Since only time related features were varied enough to capture the variance in the student behavior in two consecutive level pairs, we explored ways other than feature generation to perform the pairwise prediction. We sliced the data based on aspects, such as replay type or month of the year but, again, obtained similar prediction accuracies; however, the replay related features did get selected and had high importance for the prediction in the data sliced by replay type. To investigate if the variance in the content of the objectives may be affecting the prediction results, we performed the prediction for each intervention type within a single objective and observed that the prediction accuracy decreased slightly. This suggests that even within one objective, the behavior of a student in one level, as captured in its current granularity, may not accurately predict if they need an intervention in the next level.

The pairwise prediction models may not have generated desirable results because we may need more than just one previous level's data to predict if an intervention is needed. There is not sufficient data about each level in this dataset to accurately represent the student's performance and to create good predictions. Therefore, having more fine-grained details about level attempts, including knowing more about how the levels compare to each other within each objective, may improve the prediction accuracy.

EXPERIMENT 2: LEVELS COMPLETED IN 20 MINUTES

We chose to determine if we could predict the number of levels completed in 20 minutes using only information from the current session. Using only information from the current session will allow an easier integration with the current system with minimal changes needed. Different schools and classrooms have unique ways of using ST Math [13]. As a result, there is a variety of session times ranging from very short (less than 5 min) to sessions lasting over an hour, with an average of 23 minutes spent in a session. Therefore, we decided to predict how many levels a student would complete in a 20 minute session. This information could be used by teachers to identify students who will not be able to complete the number of levels the teacher expects for that session and the teacher can intervene to assist or encourage. With this prediction, the system could provide a teacher with each student's predictions and order the students by the lowest predicted number of levels to complete in the next 20 minutes. Then, the teacher can easily look at the slowest students and make the judgment, based on their knowledge of each student and what goals the teacher has for that lesson, and determine who they need to assist. Studies have shown that teachers may focus assistance on students with better help-seeking behaviors because they are often more persistent or better in requesting help [4,20]. Providing this information this early in the session could be crucial for low-performing student with who are not asking for help or not doing so effectively.

Levels Completed Prediction: Methods

The data we used consisted of 787949 session observations from 8978 unique students, 111 schools, and 636 teachers.
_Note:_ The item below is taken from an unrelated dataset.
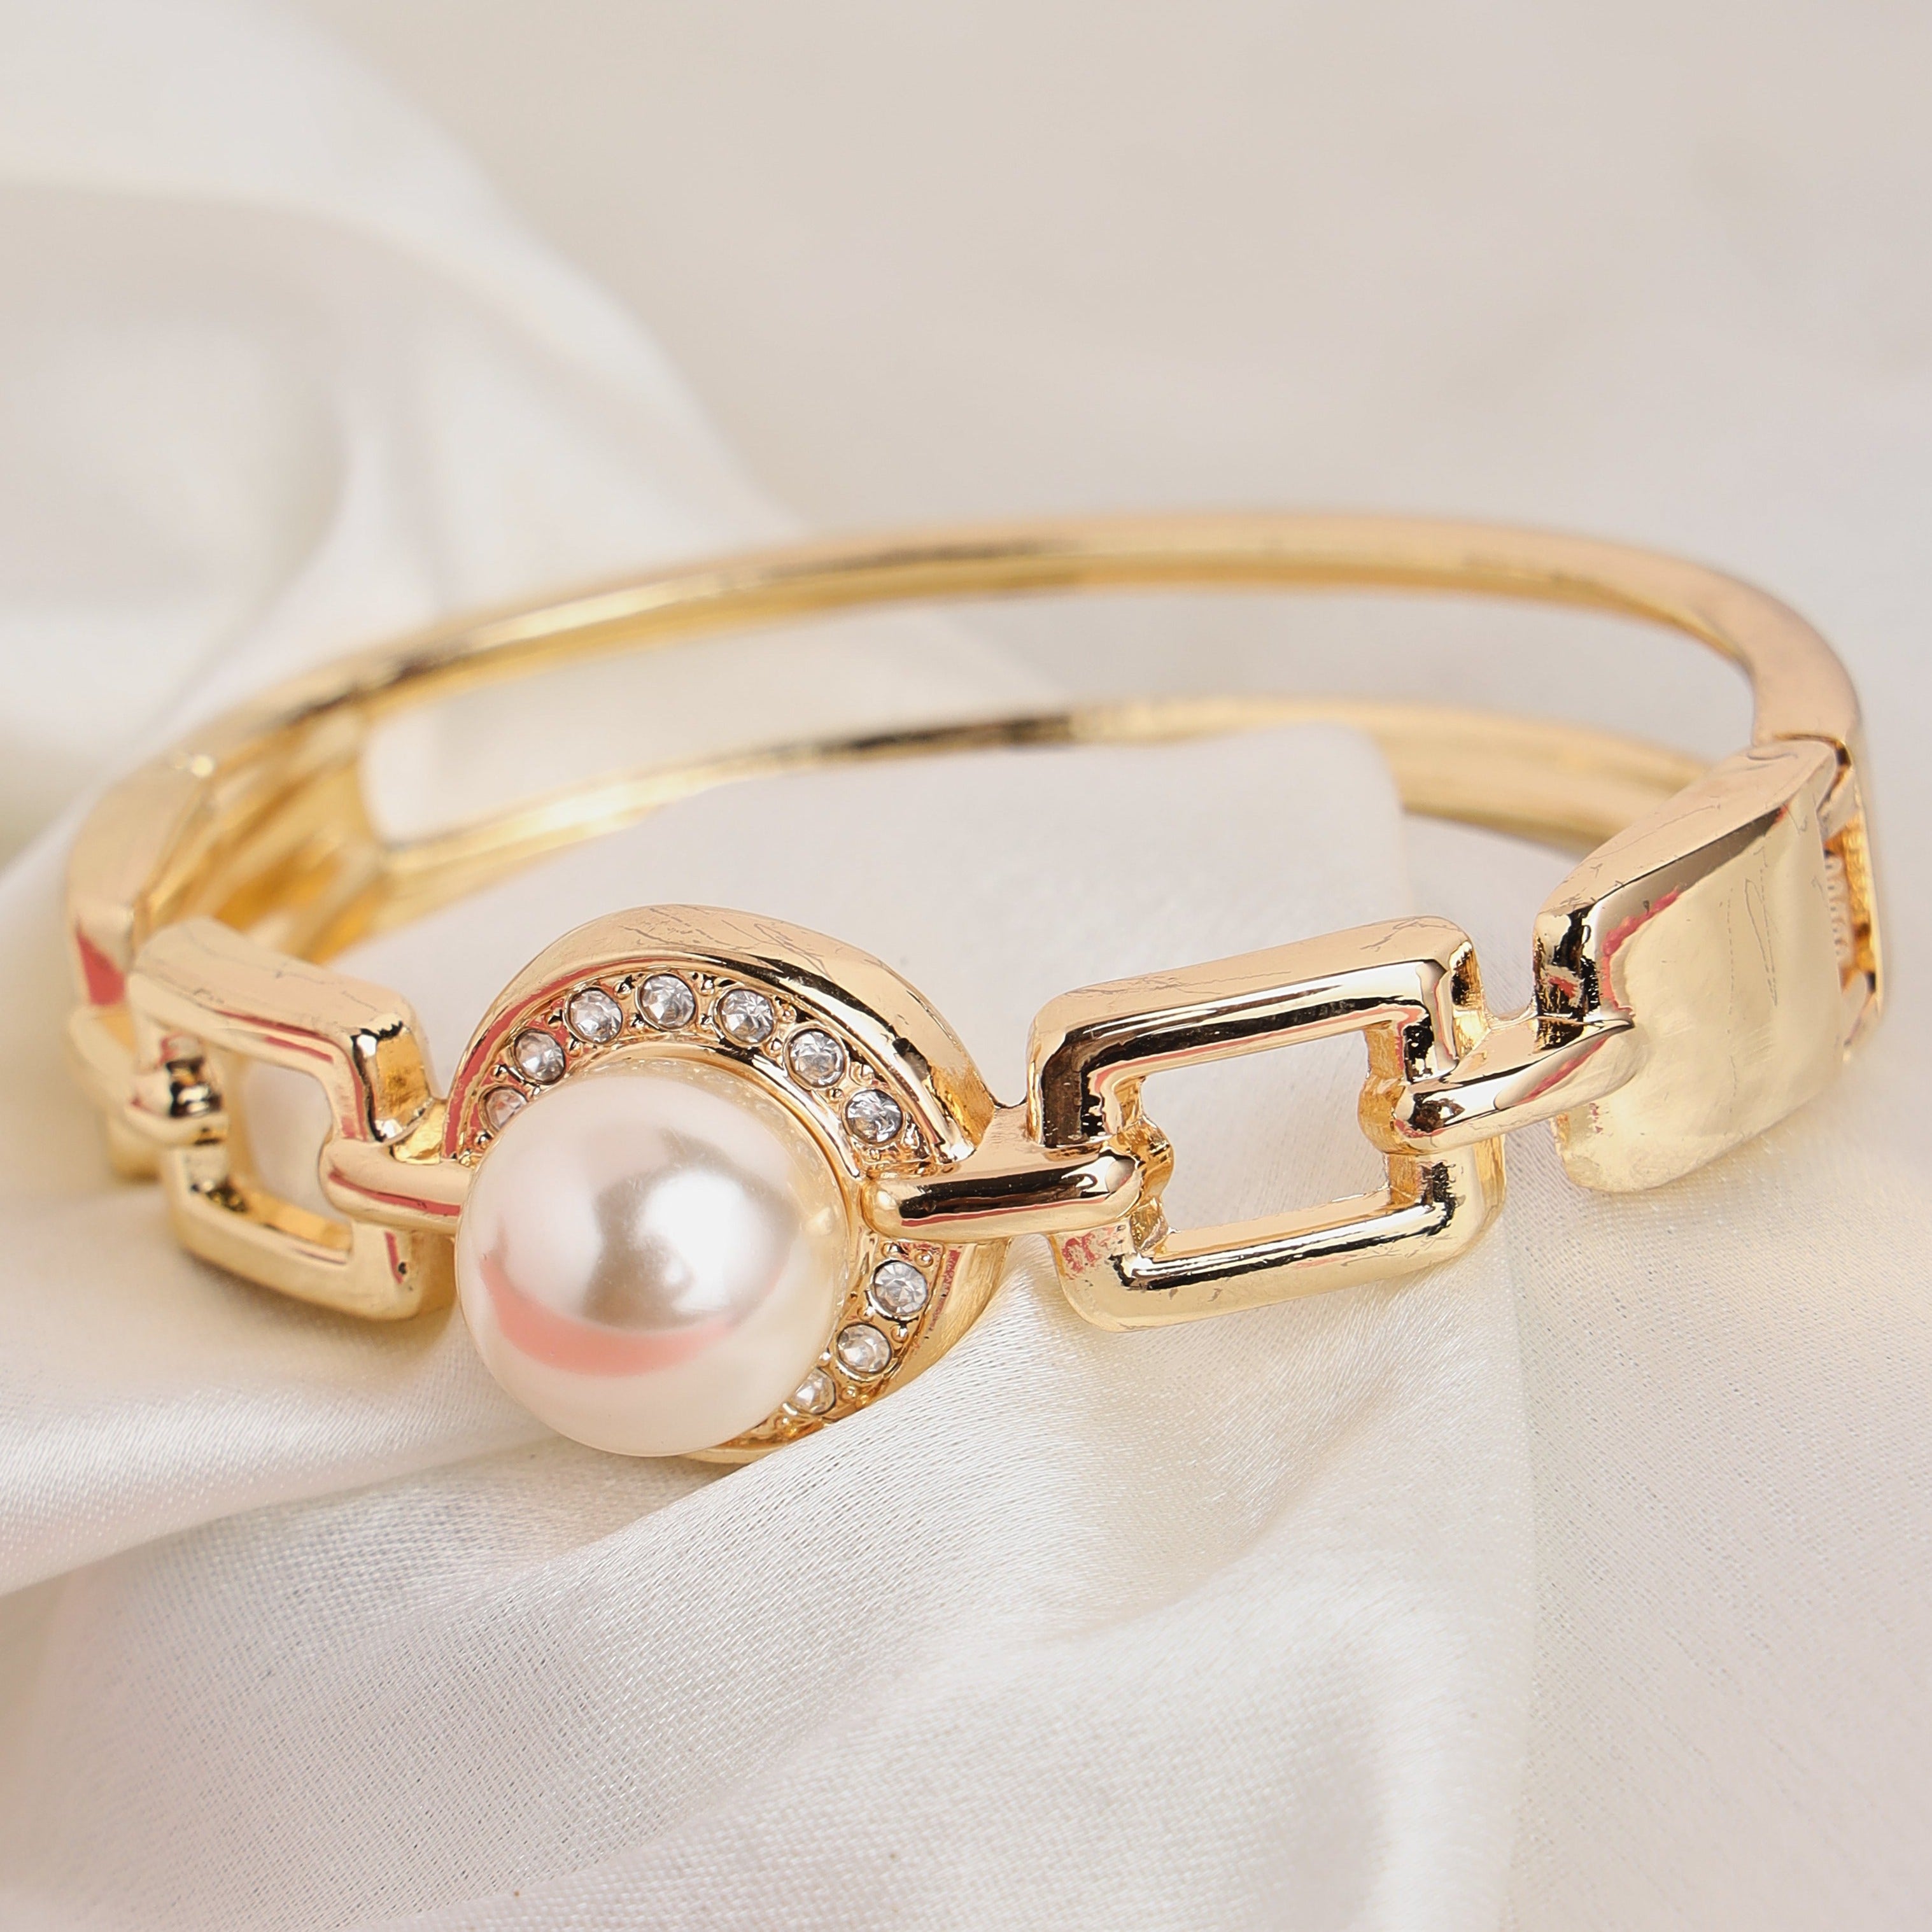 Vintage Pearl and Diamond 14K Gold Bangle Bracelet | eBay

A session represents a period of time that the student spends working on ST Math without taking longer than a 30 minute break (see Section 4 for full definition). For accurate predictions, we chose to use the first 6 minutes of gameplay due to the average level attempt taking approximately 3 minutes. We refer to this segment of data used for prediction as a time "slice". Since our goal was to use the least amount of information to do the prediction, we wanted this time to be as short as possible. We initially attempted to use shorter time slices, but due to a level attempt taking on average 3 minutes, this did not provide a sufficient amount of data to represent the students' gameplay behavior and, in some cases, eliminated slower students data for that time slice.

Next, we removed sessions under 10 minutes (242750 obs.

-169863 obs. under 6 min) and sessions over 75 minutes (10,257 obs.). We chose these cutoffs to eliminate short sessions where predictions would not be useful and long sessions, in some cases over 4 hours, that were likely anomalous.

Table 5 shows the statistics for session and slice features. The average session time was 28 minutes and the average slice length was 4.5 minutes.

Levels Completed Prediction: Feature Generation

From the level data, the data was segmented into the first 6 minute time slice for prediction. Features were aggregated from this 6 minute time slice to capture what each student was able to do, such as complete a level, fail a level, retry a level, or engage in replay. The features generated are based on performance, time, level attempts/replay features, the objective the student was in within that slice. The performance features were: average performance (numeric), percentage of levels passed out of all attempts (numeric), and percentage of levels completed out of all attempts (numeric). The time features from the slice were: the total time (numeric), the average level time (numeric), number of passed levels per time (numeric, scaled), number of completed levels per time (numeric, scaled), and the month of the session. The level attempt features were: total number of replays (numeric), total number of levels failed (numeric), total number of levels passed (numeric), total number of levels completed (numeric), total puzzles attempted (numeric), total puzzles completed (numeric), whether they engaged in replay (binary), whether they re-attempted a level (binary). Then, there were 31 binary features representing the objective the student was playing when the session started.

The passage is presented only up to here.